* Extracted information *
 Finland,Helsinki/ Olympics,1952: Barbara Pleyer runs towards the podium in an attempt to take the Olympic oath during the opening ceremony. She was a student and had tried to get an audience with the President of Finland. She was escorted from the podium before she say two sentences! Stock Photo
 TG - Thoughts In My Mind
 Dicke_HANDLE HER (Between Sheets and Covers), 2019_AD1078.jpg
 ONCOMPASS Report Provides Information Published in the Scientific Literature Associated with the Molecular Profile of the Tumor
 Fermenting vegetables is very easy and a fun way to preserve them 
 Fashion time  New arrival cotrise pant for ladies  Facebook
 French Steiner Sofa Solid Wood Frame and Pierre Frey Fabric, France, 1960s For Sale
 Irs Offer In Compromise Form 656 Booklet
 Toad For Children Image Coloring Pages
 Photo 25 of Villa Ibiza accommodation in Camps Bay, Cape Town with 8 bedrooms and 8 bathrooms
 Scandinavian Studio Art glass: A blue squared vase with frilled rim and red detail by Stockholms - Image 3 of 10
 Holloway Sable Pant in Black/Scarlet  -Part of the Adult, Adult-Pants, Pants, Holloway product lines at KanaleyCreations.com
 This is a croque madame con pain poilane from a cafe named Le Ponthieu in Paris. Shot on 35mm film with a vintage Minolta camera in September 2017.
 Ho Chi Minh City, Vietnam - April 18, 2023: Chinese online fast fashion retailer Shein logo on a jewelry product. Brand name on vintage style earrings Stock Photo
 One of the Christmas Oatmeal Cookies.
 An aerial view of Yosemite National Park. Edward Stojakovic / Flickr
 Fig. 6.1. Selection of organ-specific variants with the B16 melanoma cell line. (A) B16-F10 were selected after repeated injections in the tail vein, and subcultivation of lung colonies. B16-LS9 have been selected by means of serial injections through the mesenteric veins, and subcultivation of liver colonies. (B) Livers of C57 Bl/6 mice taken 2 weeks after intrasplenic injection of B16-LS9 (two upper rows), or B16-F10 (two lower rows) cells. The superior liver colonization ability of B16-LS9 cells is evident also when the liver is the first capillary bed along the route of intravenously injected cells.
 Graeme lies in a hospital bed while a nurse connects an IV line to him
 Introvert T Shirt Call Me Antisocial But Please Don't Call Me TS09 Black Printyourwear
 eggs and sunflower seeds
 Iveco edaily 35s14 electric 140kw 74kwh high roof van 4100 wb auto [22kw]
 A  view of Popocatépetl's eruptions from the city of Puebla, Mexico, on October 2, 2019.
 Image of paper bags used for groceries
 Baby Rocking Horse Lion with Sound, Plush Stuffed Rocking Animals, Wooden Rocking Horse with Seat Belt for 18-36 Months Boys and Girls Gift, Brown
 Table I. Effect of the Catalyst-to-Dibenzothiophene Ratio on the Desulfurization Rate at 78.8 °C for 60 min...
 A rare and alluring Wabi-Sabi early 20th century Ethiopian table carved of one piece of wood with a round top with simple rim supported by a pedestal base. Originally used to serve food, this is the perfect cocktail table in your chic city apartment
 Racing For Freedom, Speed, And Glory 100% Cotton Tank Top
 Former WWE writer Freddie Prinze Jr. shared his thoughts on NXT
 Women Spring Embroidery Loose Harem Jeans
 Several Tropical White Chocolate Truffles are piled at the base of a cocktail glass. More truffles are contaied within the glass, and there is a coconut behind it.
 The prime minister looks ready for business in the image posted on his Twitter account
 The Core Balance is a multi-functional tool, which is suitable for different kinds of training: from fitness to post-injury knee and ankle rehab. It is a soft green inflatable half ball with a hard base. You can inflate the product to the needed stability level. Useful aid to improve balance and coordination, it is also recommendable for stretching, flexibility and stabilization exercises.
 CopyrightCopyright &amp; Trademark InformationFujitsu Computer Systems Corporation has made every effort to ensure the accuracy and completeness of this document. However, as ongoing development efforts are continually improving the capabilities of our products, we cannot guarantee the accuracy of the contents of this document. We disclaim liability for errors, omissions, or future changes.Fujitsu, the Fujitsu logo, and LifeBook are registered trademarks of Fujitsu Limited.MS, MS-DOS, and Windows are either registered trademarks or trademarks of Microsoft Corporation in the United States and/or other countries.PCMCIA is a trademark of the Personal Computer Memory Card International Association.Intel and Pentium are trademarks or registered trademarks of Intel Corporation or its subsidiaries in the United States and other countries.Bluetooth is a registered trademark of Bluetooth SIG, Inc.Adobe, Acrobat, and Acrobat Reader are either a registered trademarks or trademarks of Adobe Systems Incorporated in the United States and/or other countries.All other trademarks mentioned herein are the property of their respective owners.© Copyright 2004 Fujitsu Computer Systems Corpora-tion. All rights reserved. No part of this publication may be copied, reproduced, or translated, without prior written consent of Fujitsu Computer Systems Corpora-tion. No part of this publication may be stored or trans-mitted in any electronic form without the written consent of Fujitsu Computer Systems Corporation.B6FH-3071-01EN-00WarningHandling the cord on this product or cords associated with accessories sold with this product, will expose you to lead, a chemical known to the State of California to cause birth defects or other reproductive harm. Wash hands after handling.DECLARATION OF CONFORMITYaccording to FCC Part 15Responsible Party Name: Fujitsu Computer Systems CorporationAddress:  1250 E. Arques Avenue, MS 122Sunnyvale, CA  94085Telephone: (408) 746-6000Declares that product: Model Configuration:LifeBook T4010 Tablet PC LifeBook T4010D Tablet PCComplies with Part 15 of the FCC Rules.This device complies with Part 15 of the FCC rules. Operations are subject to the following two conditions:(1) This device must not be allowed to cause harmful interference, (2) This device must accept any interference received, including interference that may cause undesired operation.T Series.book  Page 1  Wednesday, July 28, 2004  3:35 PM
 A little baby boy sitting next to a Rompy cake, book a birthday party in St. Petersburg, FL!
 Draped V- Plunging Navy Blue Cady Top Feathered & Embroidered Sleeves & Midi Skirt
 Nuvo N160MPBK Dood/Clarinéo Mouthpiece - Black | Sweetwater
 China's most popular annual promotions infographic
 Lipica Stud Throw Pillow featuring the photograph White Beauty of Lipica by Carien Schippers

* Aim of the exercise *
Take the lines from the start of the records through the line holding "Scandinavian Studio Art", both included, and please print them exactly, with nothing else.

* Answer space *
 Finland,Helsinki/ Olympics,1952: Barbara Pleyer runs towards the podium in an attempt to take the Olympic oath during the opening ceremony. She was a student and had tried to get an audience with the President of Finland. She was escorted from the podium before she say two sentences! Stock Photo
 TG - Thoughts In My Mind
 Dicke_HANDLE HER (Between Sheets and Covers), 2019_AD1078.jpg
 ONCOMPASS Report Provides Information Published in the Scientific Literature Associated with the Molecular Profile of the Tumor
 Fermenting vegetables is very easy and a fun way to preserve them 
 Fashion time  New arrival cotrise pant for ladies  Facebook
 French Steiner Sofa Solid Wood Frame and Pierre Frey Fabric, France, 1960s For Sale
 Irs Offer In Compromise Form 656 Booklet
 Toad For Children Image Coloring Pages
 Photo 25 of Villa Ibiza accommodation in Camps Bay, Cape Town with 8 bedrooms and 8 bathrooms
 Scandinavian Studio Art glass: A blue squared vase with frilled rim and red detail by Stockholms - Image 3 of 10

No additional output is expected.